Ambe Chenwi M, Nguyen Phuong, Centeno Barbara A, Choi Junsung, Strosberg Jonathan, Kvols Larry, Hodul Pamela, Hoffe Sarah, Malafa Mokenge P
1 Department of Gastrointestinal Oncology, H. Lee Moffitt Cancer Center & Research Institute, Tampa, FL, USA.
2 Department of Anatomic Pathology, H. Lee Moffitt Cancer Center & Research Institute, Tampa, FL, USA.
Cancer Control. 2017 Oct-Dec;24(5):1073274817729076. doi: 10.1177/1073274817729076.
Pancreatic neuroendocrine tumors (PanNETs) constitute approximately 3% of pancreatic neoplasms. Like patients with pancreatic ductal adenocarcinoma (PDAC), some of these patients present with "borderline resectable disease." For these patients, an optimal treatment approach is lacking. We report our institution's experience with borderline resectable PanNETs using multimodality treatment.
We identified patients with borderline resectable PanNETs who had received neoadjuvant therapy at our institution between 2000 and 2013. The definition of borderline resectability was based on National Comprehensive Cancer Network criteria for PDAC. Neoadjuvant regimen, radiographic response, pathologic response, surgical margins, nodal retrieval, number of positive nodes, and recurrence were documented. Statistics were descriptive.

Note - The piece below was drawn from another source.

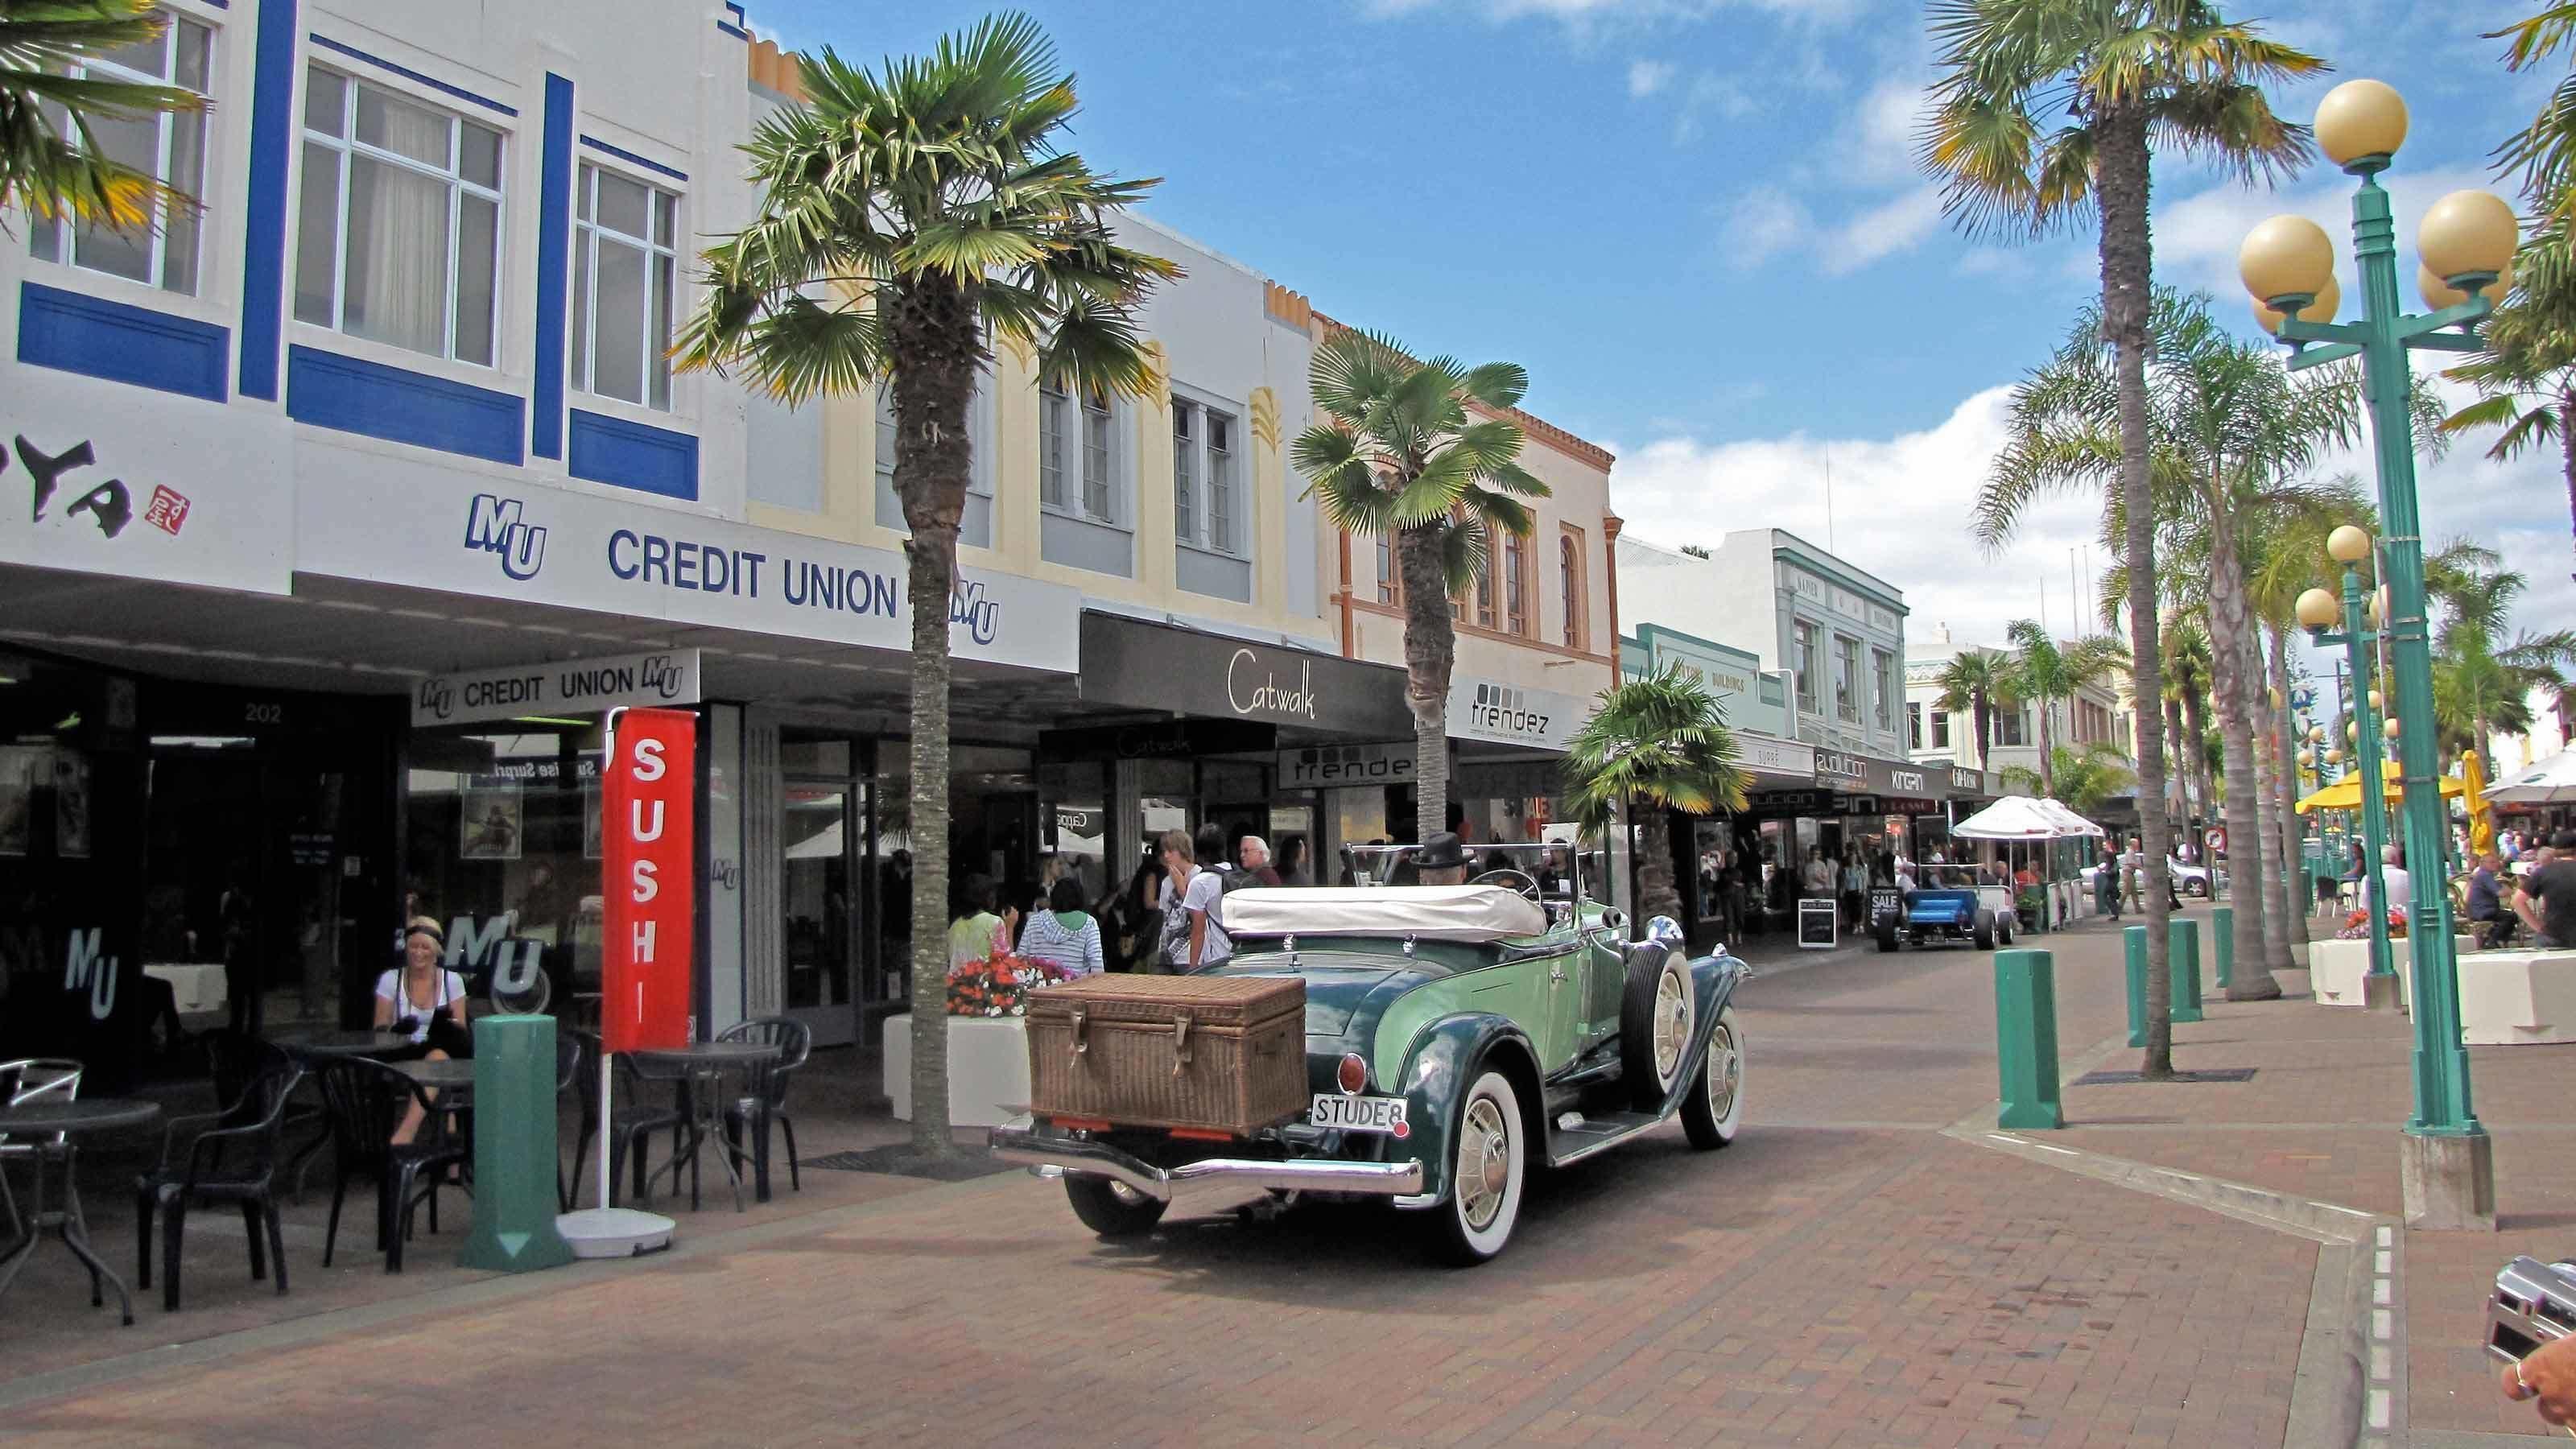 Napier Cruise Excursion – City Sights & Hawke's Bay Tour
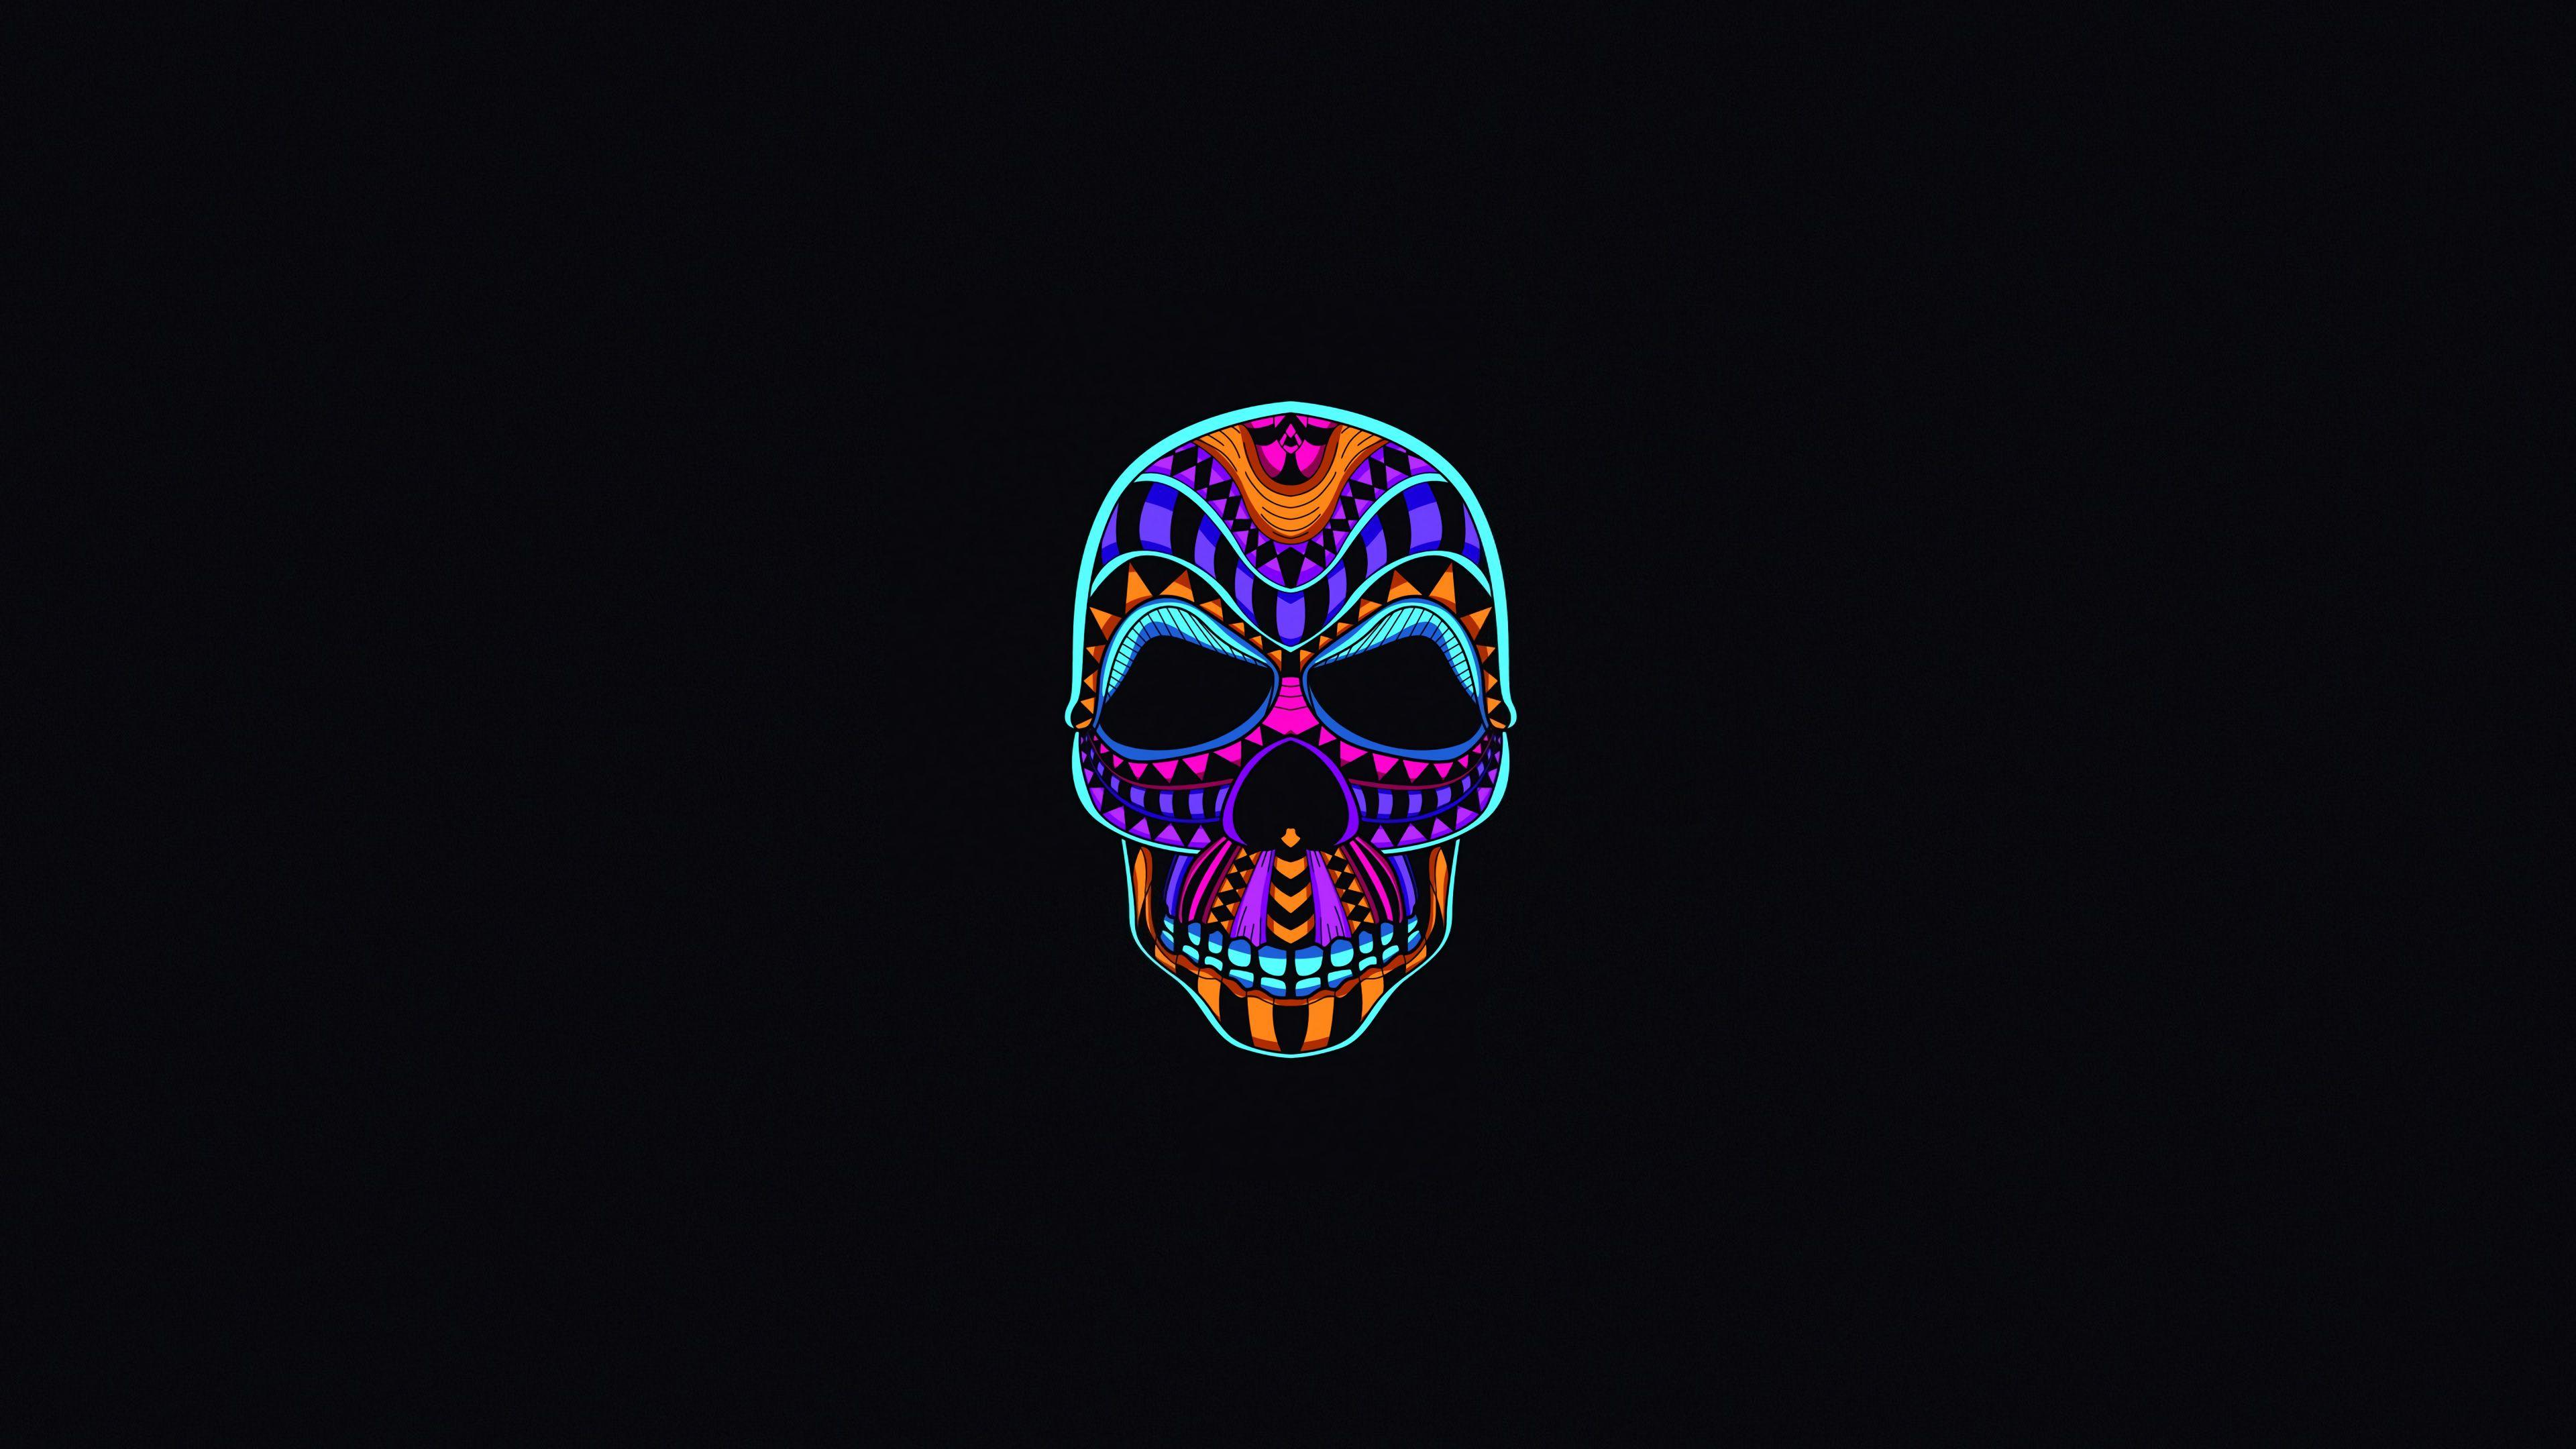 Skull Dark Minimal skull wallpapers oled wallpapers minimalist 3840x2160

Of 112 patients who underwent surgical resection for PanNETs during the study period, 23 received neoadjuvant therapy, 6 of whom met all inclusion criteria and had borderline resectable disease. These 6 patients received at least 1 cycle of temozolomide and capecitabine, with 3 also receiving radiation. All had radiographic evidence of treatment response. Four (67%) had negative-margin resections. Four patients had histologic evidence of a moderate response. Follow-up (3.0-4.3 years) indicated that all patients were alive, with 5/6 free of disease (1 patient with metastatic disease still on treatment without progression).
A multimodality treatment strategy (neoadjuvant temozolomide and capecitabine ± radiation) can be successfully applied to patients with PanNETs who meet NCCN borderline resectable criteria for PDAC. To our knowledge, this is the first report of the use of a multimodality protocol in the treatment of patients with borderline resectable PanNETs.
胰腺神经内分泌肿瘤(PanNETs)约占胰腺肿瘤的3%。与胰腺导管腺癌(PDAC)患者一样,其中一些患者表现为“可切除边缘性疾病”。对于这些患者,缺乏最佳的治疗方法。我们报告了我们机构使用多模式治疗可切除边缘性PanNETs的经验。
我们确定了2000年至2013年间在我们机构接受新辅助治疗的可切除边缘性PanNETs患者。可切除边缘性的定义基于美国国立综合癌症网络(NCCN)的PDAC标准。记录新辅助治疗方案、影像学反应、病理反应、手术切缘、淋巴结清扫情况、阳性淋巴结数量和复发情况。统计数据为描述性的。
在研究期间接受PanNETs手术切除的112例患者中,23例接受了新辅助治疗,其中6例符合所有纳入标准且患有可切除边缘性疾病。这6例患者接受了至少1个周期的替莫唑胺和卡培他滨治疗,3例还接受了放疗。所有患者均有治疗反应的影像学证据。4例(67%)患者切缘阴性。4例患者有中度反应的组织学证据。随访(3.0 - 4.3年)表明所有患者均存活,6例中有5例无疾病(1例转移性疾病患者仍在接受治疗且无进展)。
多模式治疗策略(新辅助替莫唑胺和卡培他滨±放疗)可成功应用于符合NCCN PDAC可切除边缘性标准的PanNETs患者。据我们所知,这是首次报道使用多模式方案治疗可切除边缘性PanNETs患者。